6. That to achieve this end, the administration has committed not isolated violations of the Constitution and the laws of the land, rather it has made such violations a permanent system of conduct, to such an extreme that it systematically ignores and breaches the proper role of the other branches of government, habitually violating the Constitutional guarantees of all citizens of the Republic, and allowing and supporting the creation of illegitimate parallel powers that constitute an extremely grave danger to the Nation, by all of which it has destroyed essential elements of institutional legitimacy and the Rule of Law;

7. That the administration has committed the following assaults on the proper role of the National Congress, seat of legislative power:

a) It has usurped Congress's principle role of legislation through the adoption of various measures of great importance to the country's social and economic life that are unquestionably matters of legislation through special decrees enacted in an abuse of power, or through simple "administrative resolutions" using legal loopholes.
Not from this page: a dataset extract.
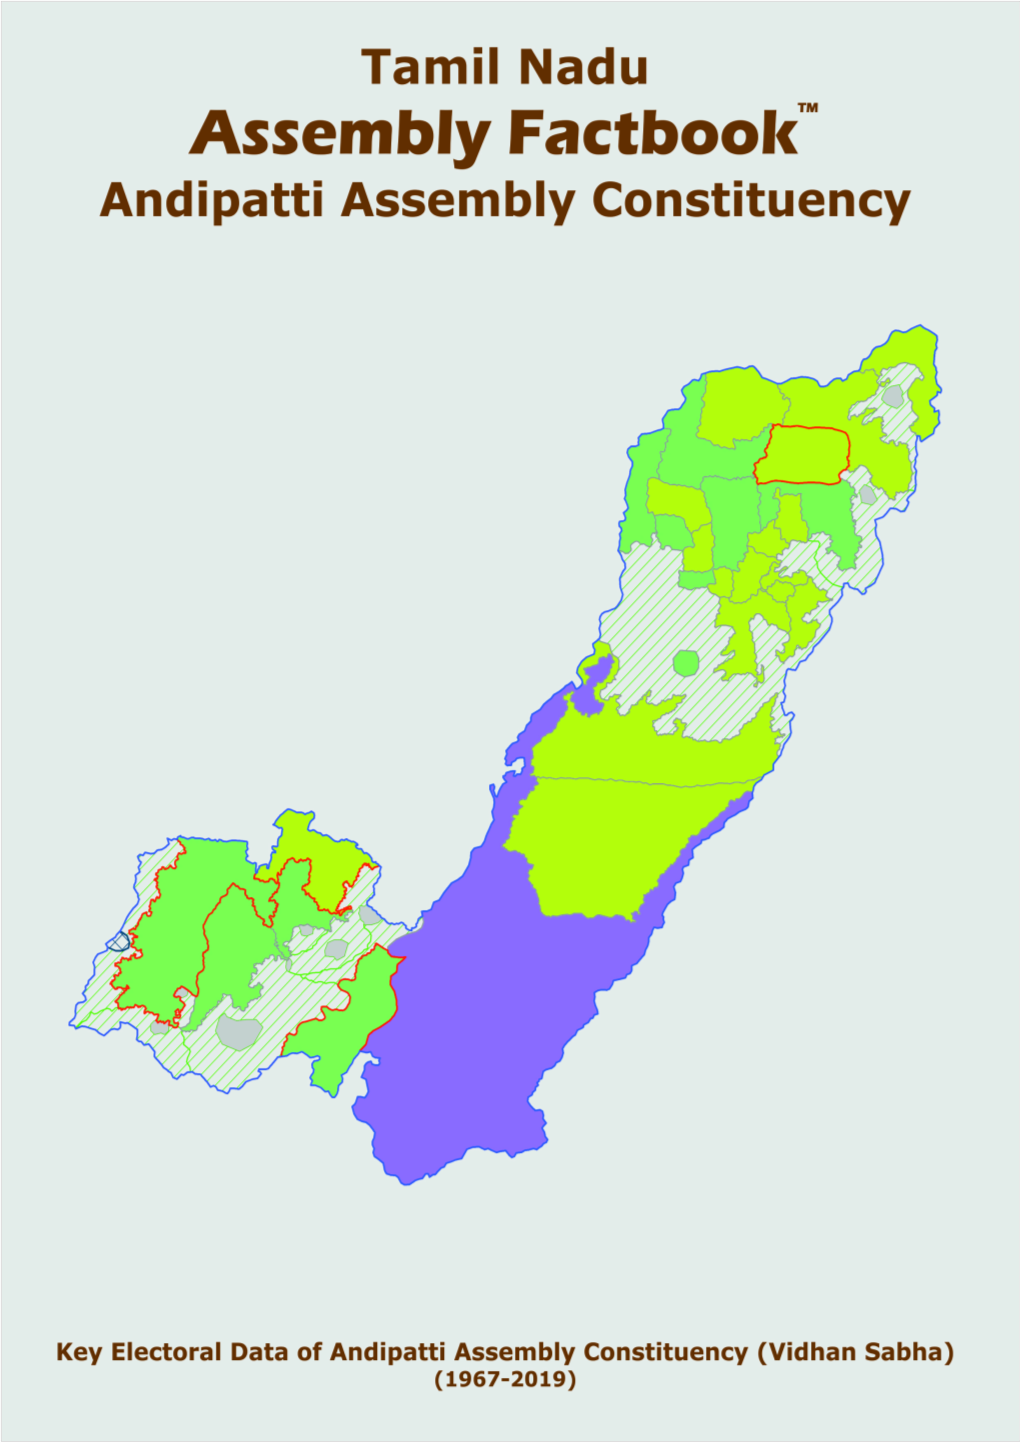 Andipatti Assembly Tamil Nadu Factbook

It is noteworthy that all of this has been done with the deliberate and confessed purpose of substituting the country's institutional structures, as conceived by current legislation, with absolute executive authority and the total elimination of legislative authority;

b) It has consistently mocked the National Congress's oversight role by effectively removing its power to formally accuse Ministers of State who violate the Constitution or laws of the land, or who commit other offenses specified by the Constitution, and;

c) Lastly, what is most extraordinarily grave, it has utterly swept aside the exalted role of Congress as a duly constituted power by refusing to enact the Constitutional reform of three areas of the economy that were approved in strict compliance with the norms established by the Constitution.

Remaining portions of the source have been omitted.